Check local mortgage Web sites to see some innovative programs.
Second, find out how much you can afford based on your monthly income and budget.
It is a good idea to add in all of your expenses so you are leaving room for entertainment.
Yes, many people sacrifice a bit of their ?Pleasure? expenditures when buying their first home.
You will not be alone in this respect.
Don?t forget the tax deduction you will receive as a home owner, in most cases.
The tax savings should improve your monthly cash flow.
Third, get a good credit check up.
You can visit http://www.freecreditreport.com and obtain a credit report on yourself.
You should obtain the credit score version because they will be important on most 100% financing programs.
Your scores should be somewhere above 640 or more to qualify for most programs, though some programs allow lower scores than that.
Forth, obtain a pre approval letter from your lender or broker so you can present this to your Realtor when shopping for your home.
Make sure the terms and costs are accurate so you don?t have any surprises at the closing table.
Fifth, don?t bite off a larger payment than you can afford.

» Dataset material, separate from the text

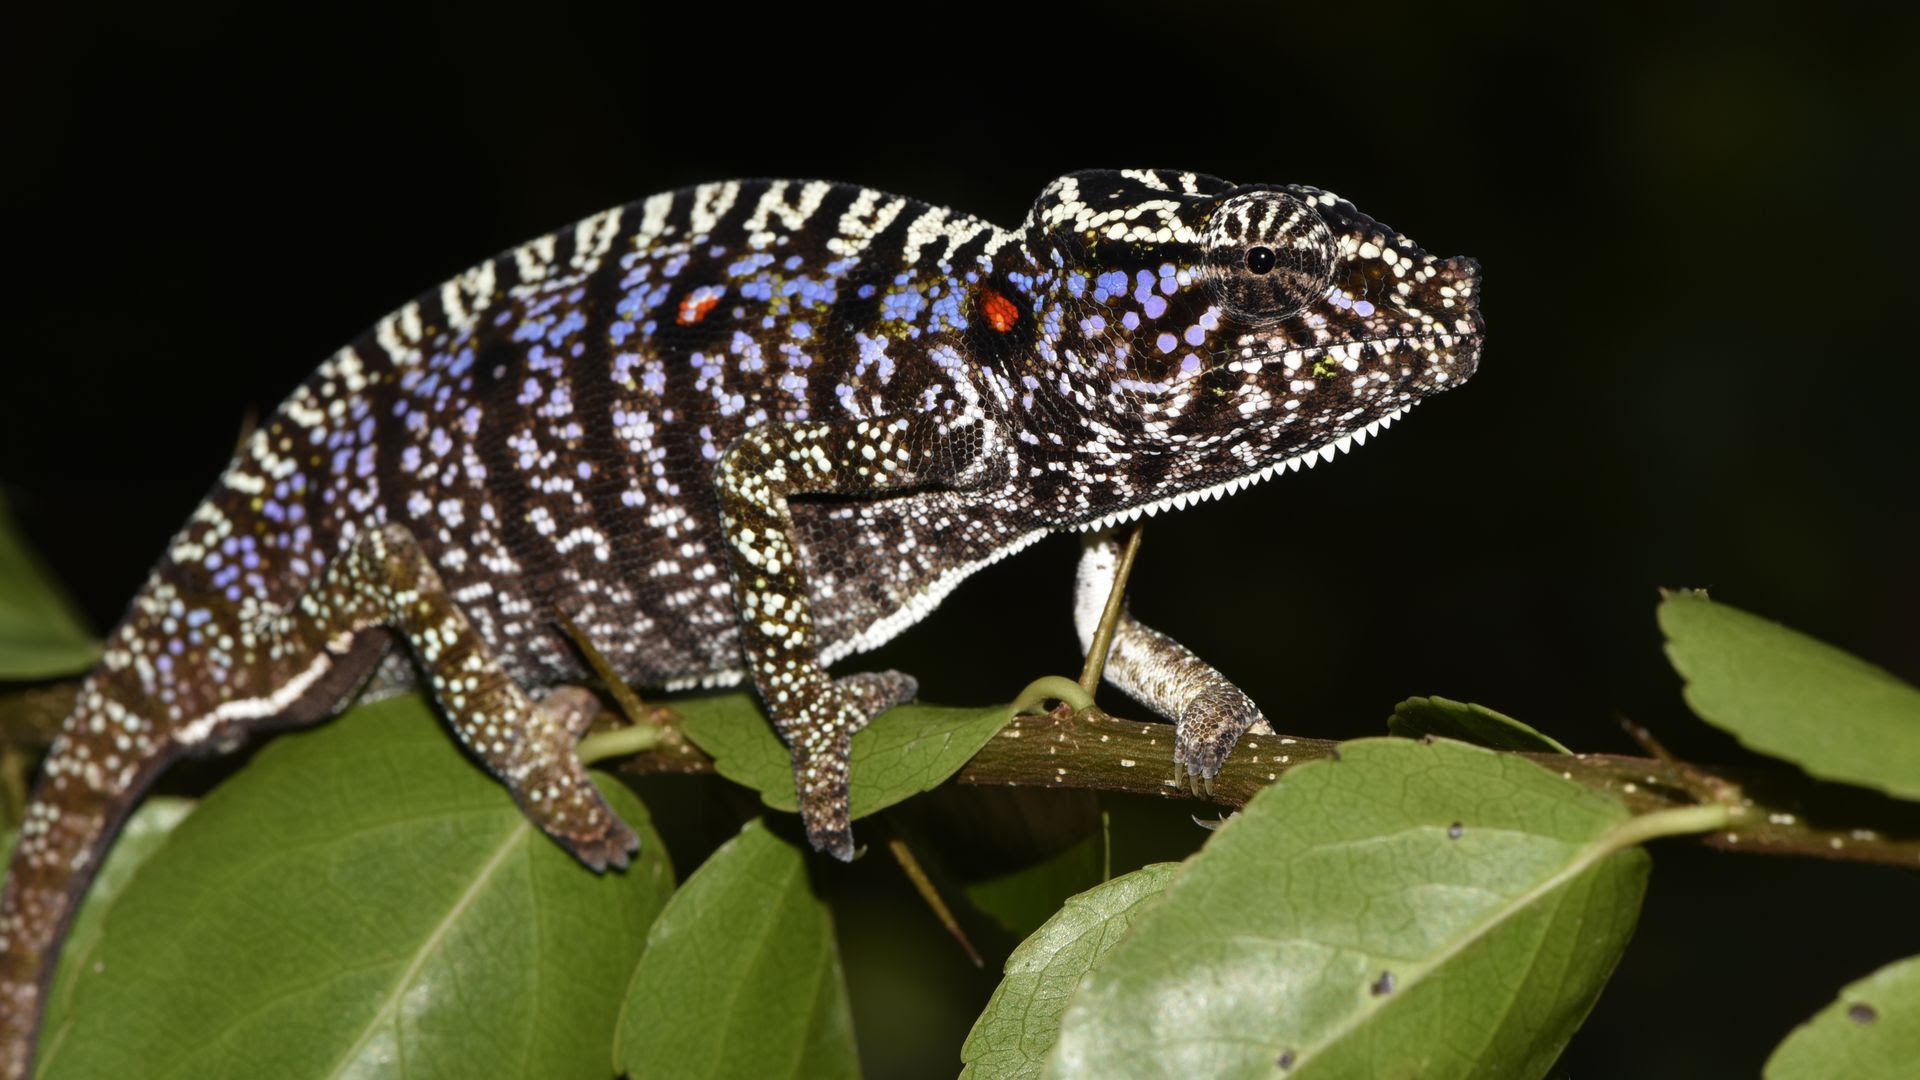 A Voeltzkow's chameleon in Madagascar in March. Photo: SNSB/Frank Glaw via AP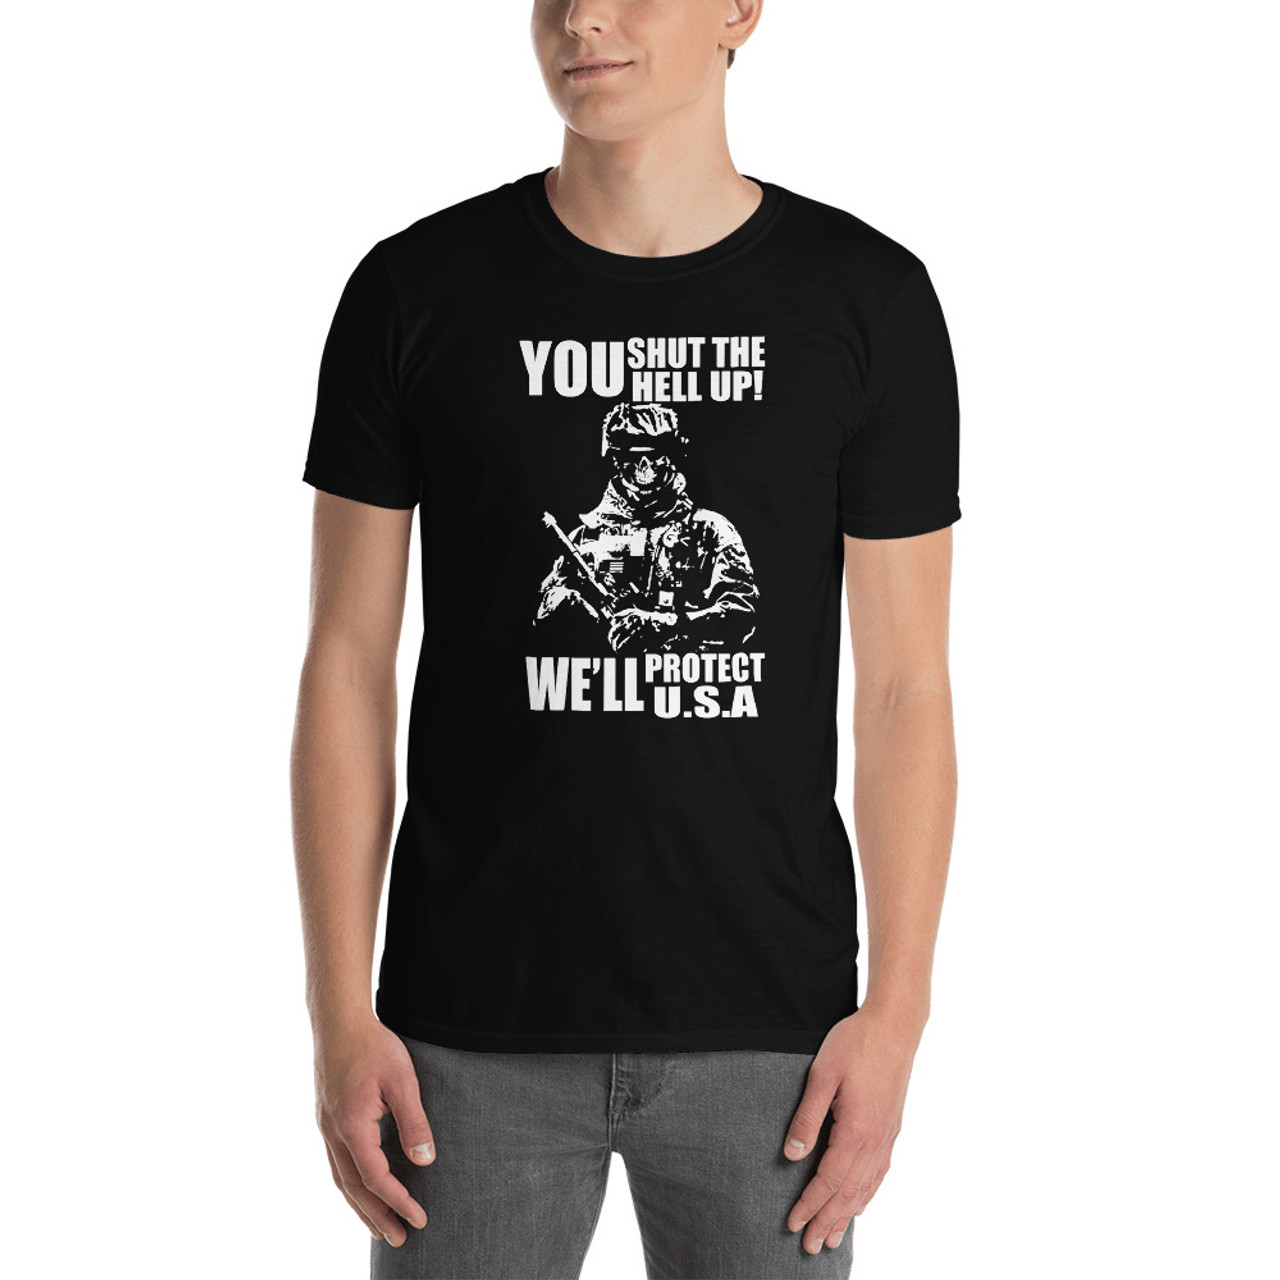 We'll Protect Short-Sleeve Unisex T-Shirt - Meach's Military ...

Many times, lenders allow you to spend 50% to 55% of your monthly gross income on your credit items.
This doesn?t always leave much for essentials like groceries and utilities.
Lastly, remember the first year of home ownership is usually the toughest.
After a year or two, you can generally refinance your home loan into one loan that may be a better interest rate, depending on where interest rates are at the time of refinancing.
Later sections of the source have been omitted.